I was in high school when they came around our neighborhood casting for A Bronx Tale. At the time my favorite scene in the movie was this one:
I tend to view my students like these characters think about “the great ones.” There are indeed only a few. And precious few they are. We will say more about them in due time. But for today’s reflection, think about the test that is proferred in the above scene. I’ve been doing that test in the classroom for years. And even to my amazement, it has never been passed. By my count we’ve assigned and graded well over 50,000 questions since I started teaching about a decade ago. And not once among all of those 50,000 questions, nearly every single one of them an essay question, has a student approached us to tell us that they were too generously graded. Not once.
And not a single time among the thousands of exams administered has a student ever come forward to show us that we added up the point totals too high. Not once. I can surely tell you that the number of times that students have expressed concern over an addition problem is over 100, and the number of times students have come forward to express concern over “tight” grading is nearing the 5 digit range. Do you know what the statistical probability of that being random is? Zero. Absolutely zero. There is no statistical chance that every honest mistake we have ever made was on the side of “too tough” and there is no chance that we have a reason to systematically grade exams “too tight” … after all, the more rigorous we grade the more likely we are to field complaints.
Without spilling the beans too much, we’ve also managed to run some informal experiments to see how honest people are. I won’t divulge more – but rest assured these had no impact on the ultimate grades anyone has ever achieved. And rest assured that in a sample of now over 300 cases, not a single student has come forward in response to a “bank error in their favor.” Not … one.
If I had to boil down what matters to me most in thinking about the quality of person I strive to be, and the quality of person I hope to see in this world, it is this. “What do you do when no one is watching?” It’s a murky question, I know. And by no means am I proud of everything I’ve done when no one is watching. But I try to live even my privatest of private moments in my life as if someone were on my shoulder, someone whom I respected, evaluating my thoughts and actions (yes, we may invoke god or God here or something else that is more politically correct).
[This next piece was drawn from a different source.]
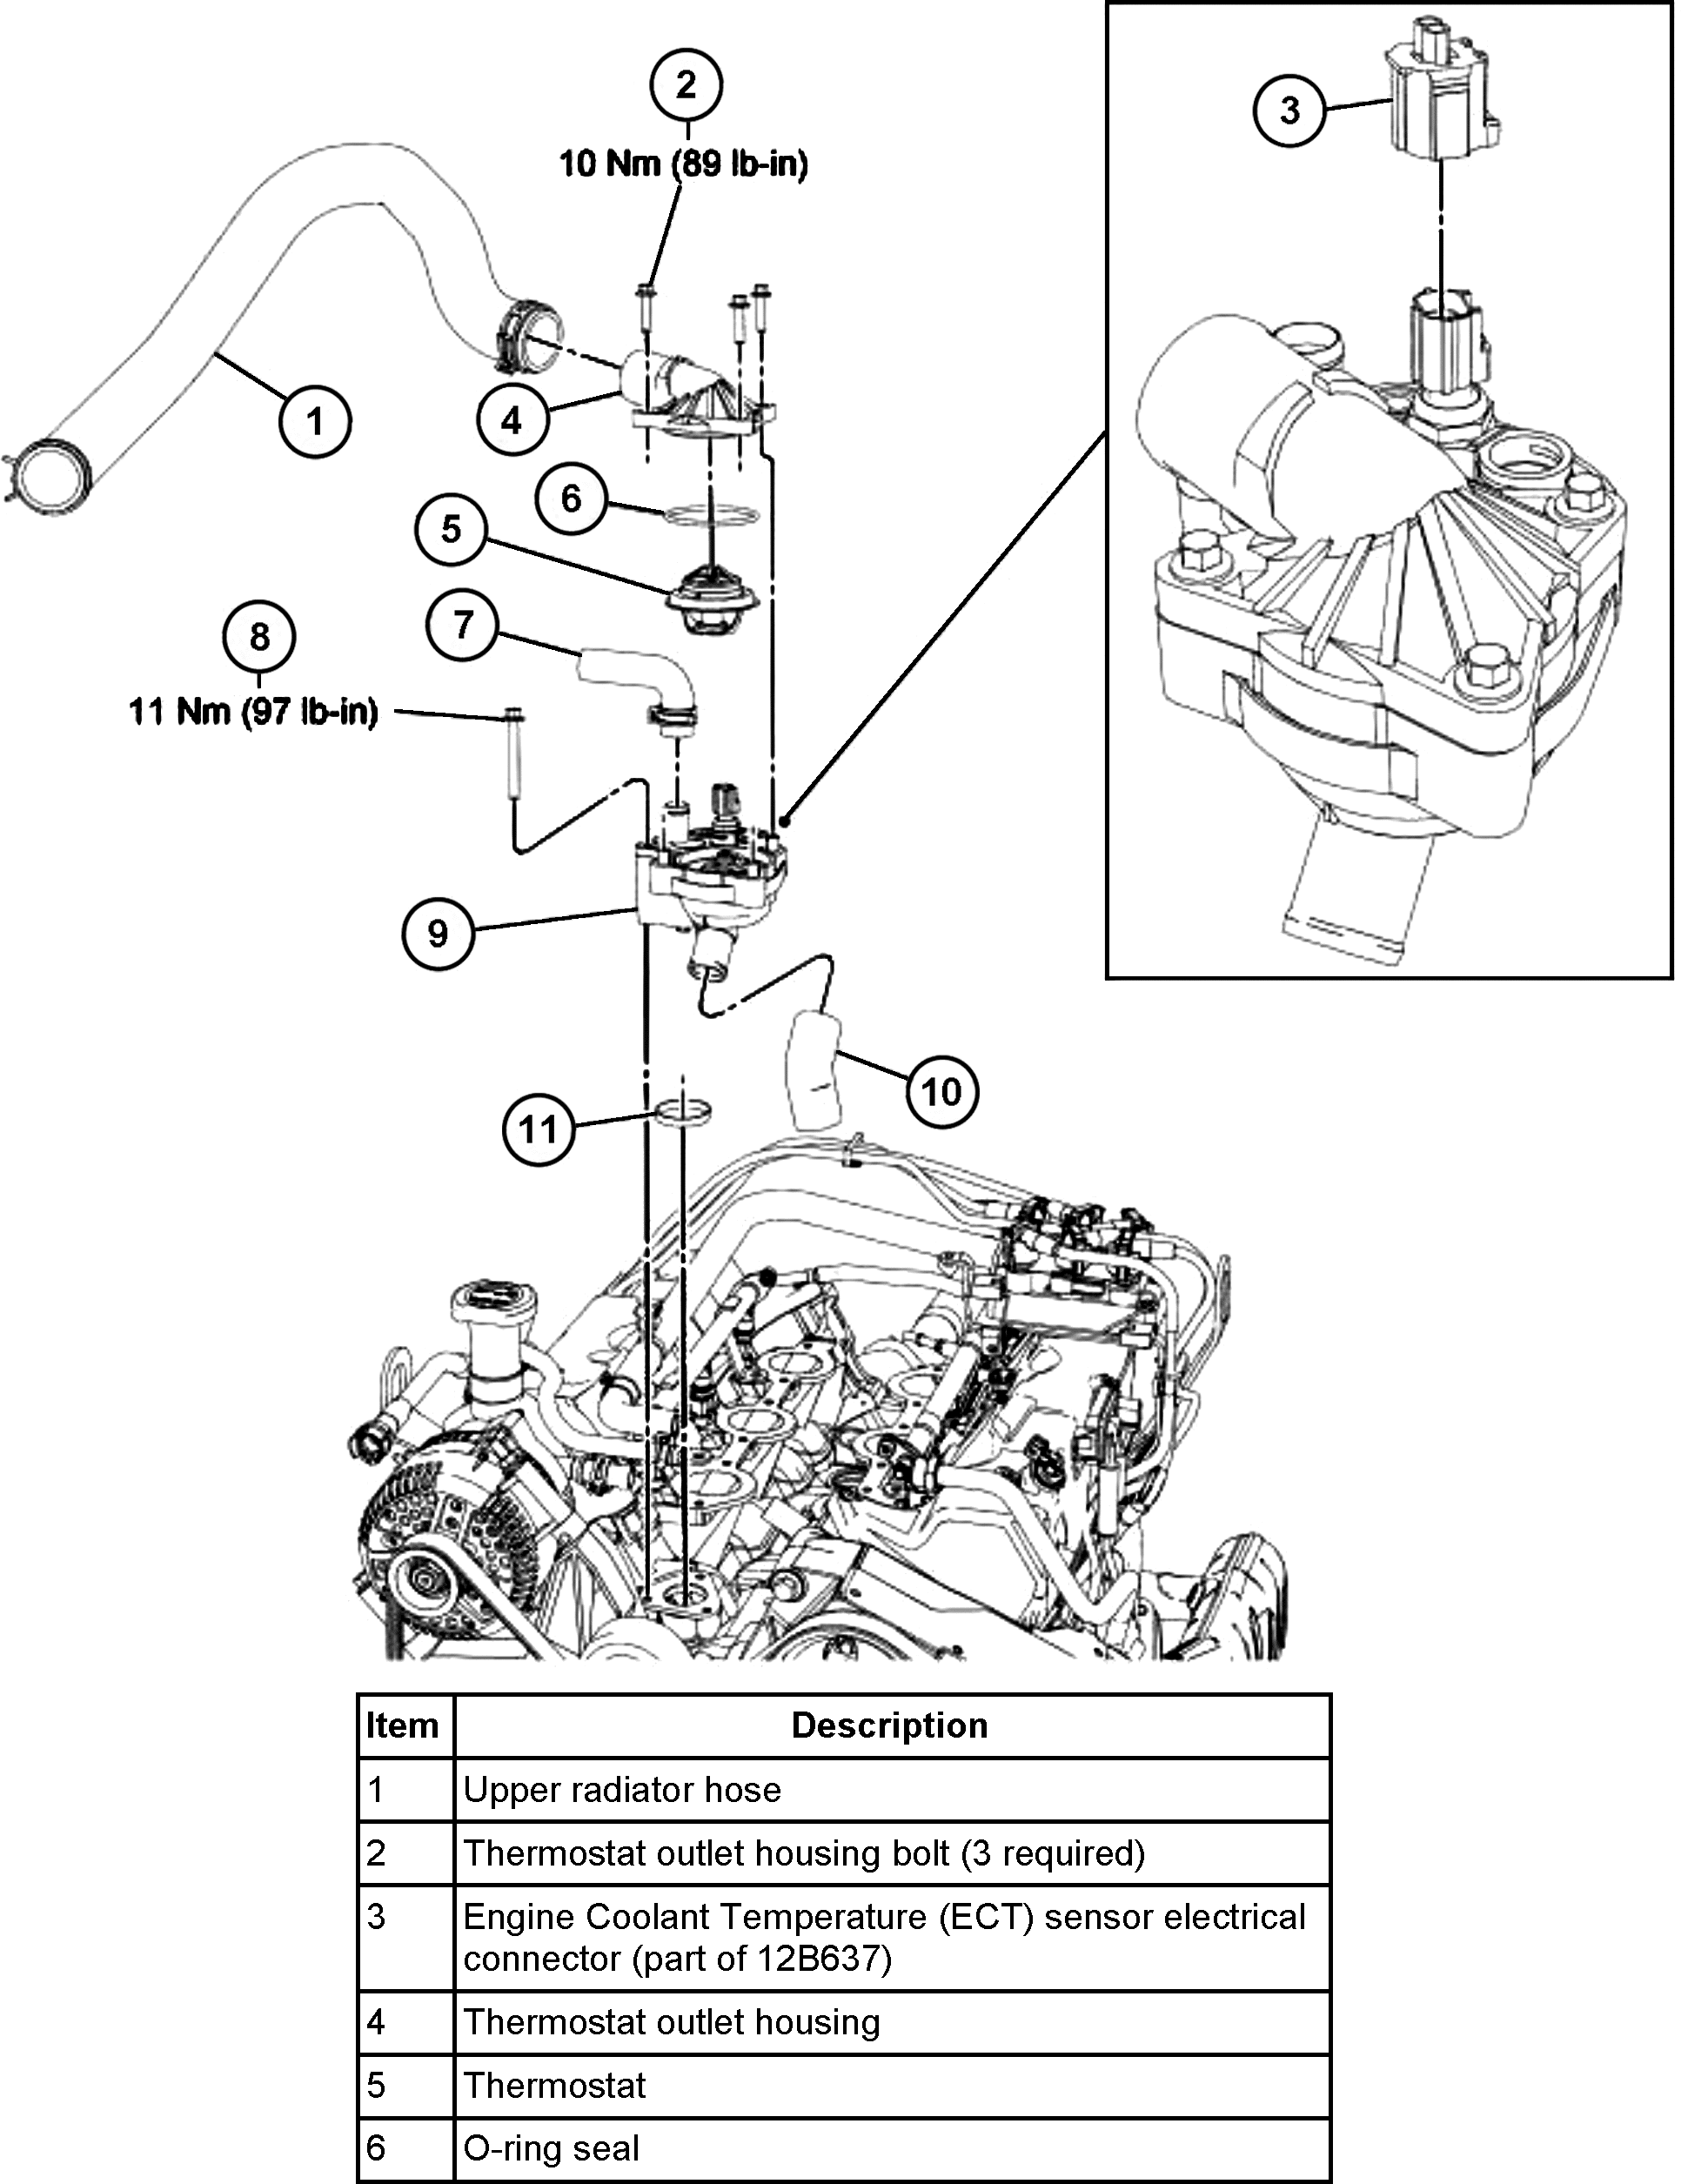 Diagram] Ford Ranger 40 Engine Diagram Full Version Hd

I’ve disappointed this spectator too many times for me to die a happy person about how I’ve lived my life (we don’t get second chances on some things, alas), but I’m afraid that I know very few people who can pass even crude versions of the Door Test from a Bronx Tale. This brings me both sadness and optimism for I hope obvious reasons.
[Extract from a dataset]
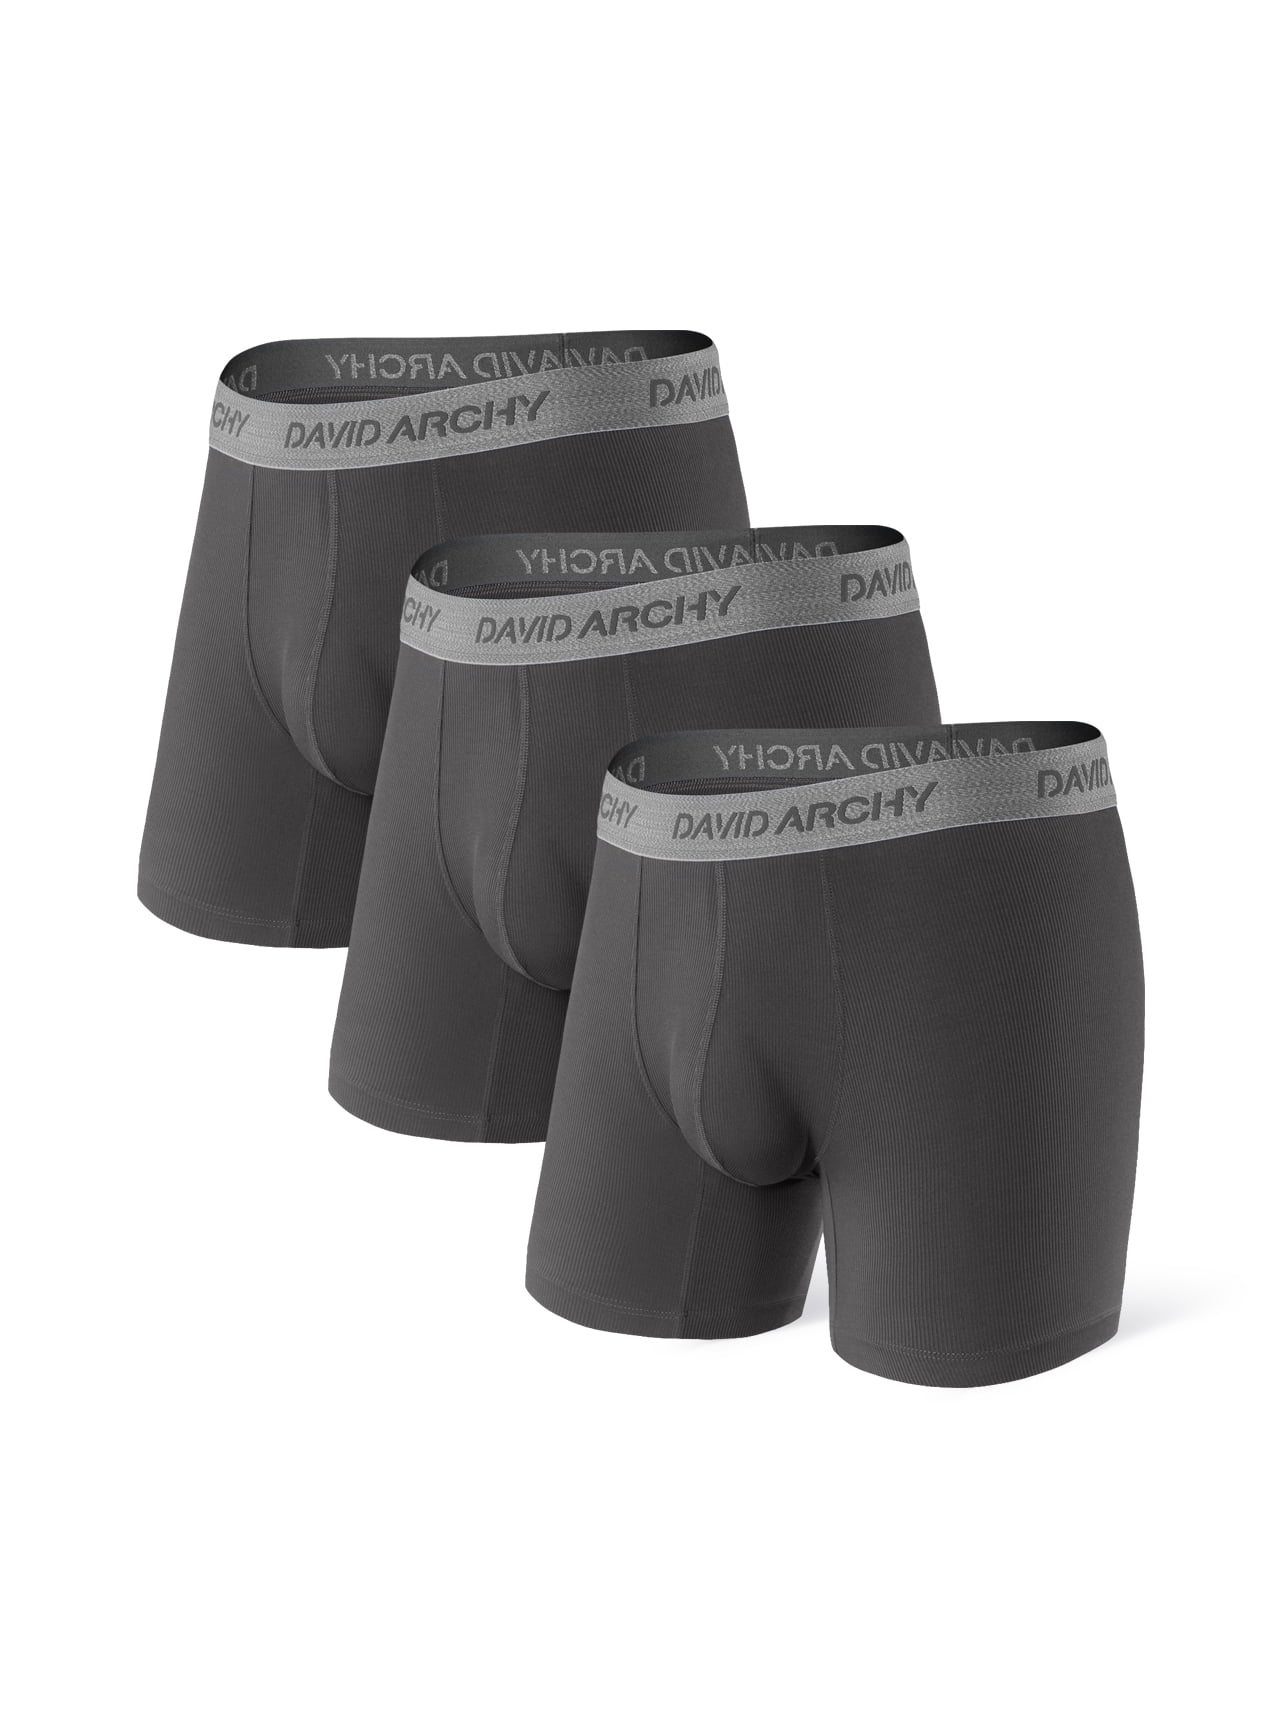 David Archy Adult Mens Underwear Ultra Soft Micro Modal Boxer Briefs

As for political and economic implications of such an observation, I too, hope that they are fairly obvious to our readers here. I hope they would be obvious to others too.
Well, most of the people you have sampled are students of a certain age group. Maybe there is something about their age, rather than their honesty. I myself can honestly (hmm, yes honestly! :p) say that I distinctly remember going to a professor to point that they had given me too many points once. I’m pretty sure I remember this, and I think I remember that the result was high enough that I didn’t really care if I lost a couple of points. Plus there was the added benefit of scoring points with the professor!
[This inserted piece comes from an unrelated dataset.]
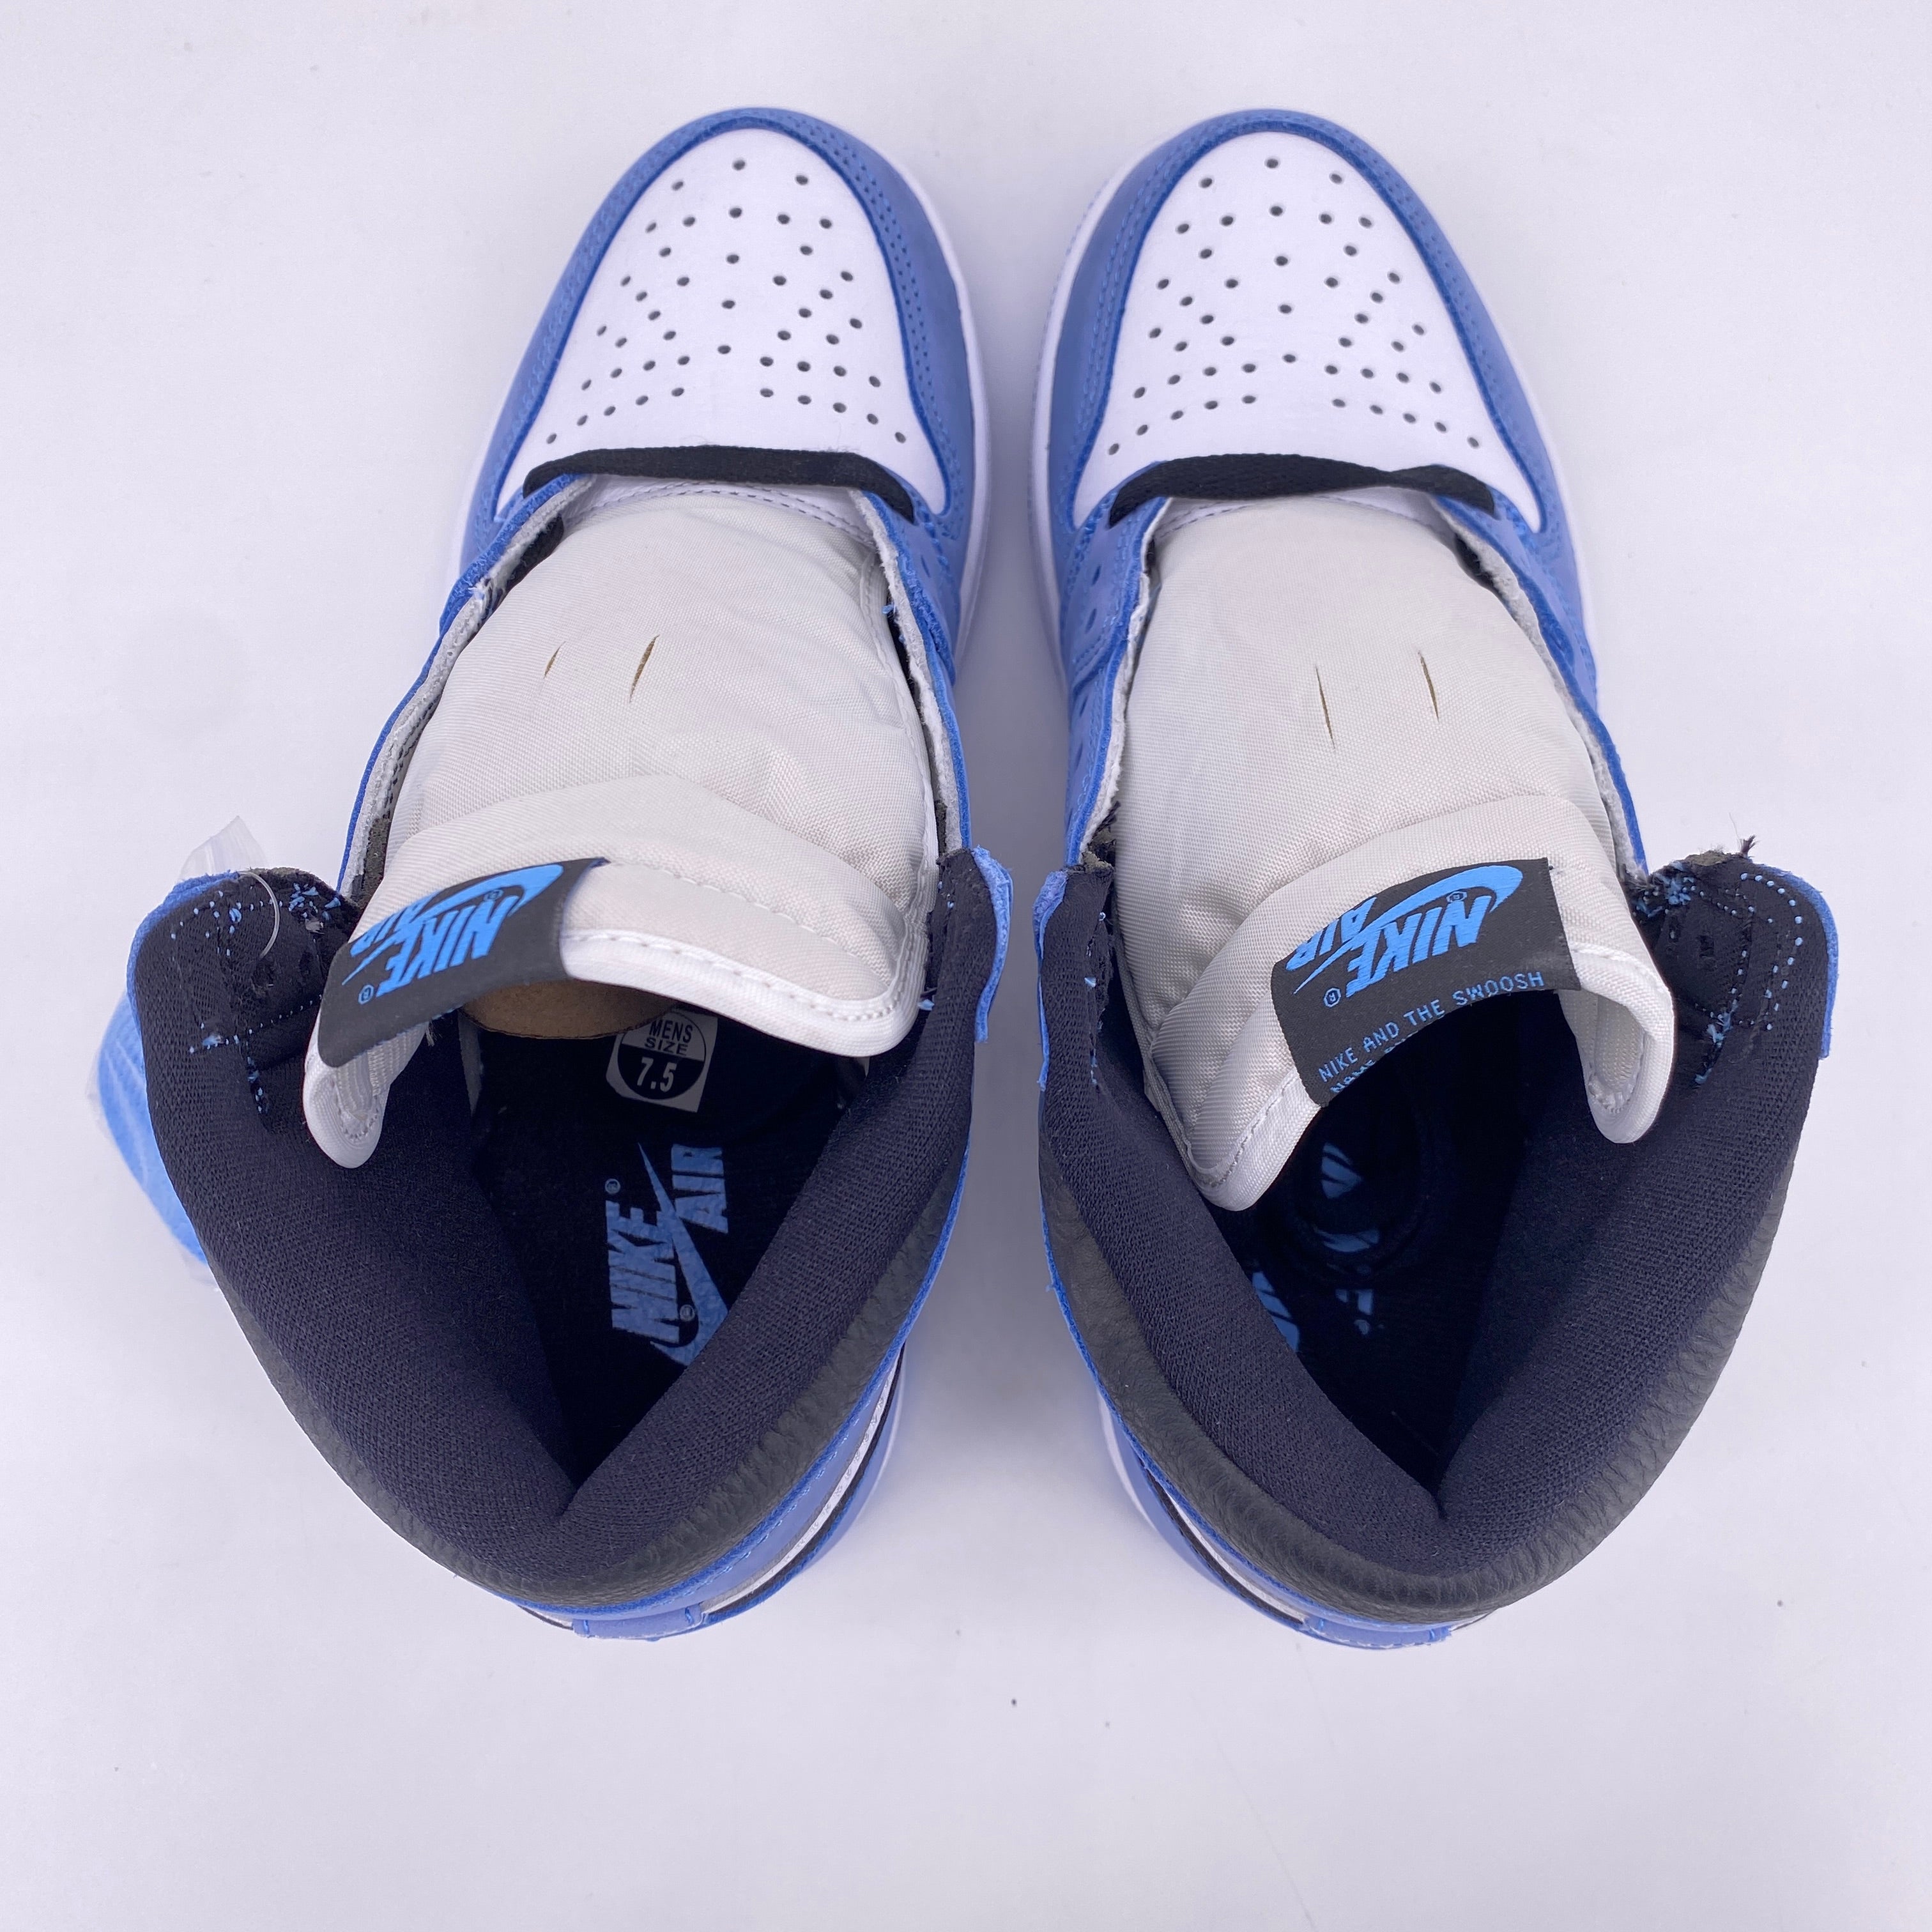 Air Jordan 1 Retro "University Blue" 2021 New Size 7.5

I do know that I went back to a restaurant to tell them they had charged me too little once. The reason I did that is because I though that the waiter may have to eat the losses.
The door test, I think, a lot of people pass. Especially in the US, and especially anyone who has seen this movie. There’s still hope. At least, what gives me hope is that the US looks a lot better in this area than most of the rest of the world.
I know that if I received an honesty test in a class when I was in college, or if I was still taking classes, I would have failed it. I never would have told the professor if he made a bank error in my favor. I went to Denny’s last week and I ordered a burger but the waiter who was just off the boat from Jamaica misunderstood my order and brought me a burrito instead. I sent it back. He gave me the burger, but charged me for the burrito, which was $2 cheaper. I never told him, I paid for the burrito and I left. Because this is the real world and I like money. If God is mad at me for those $2 then trust me he stopped caring about me awhile ago. People respond to incentives. Demand curves are real and down-sloping.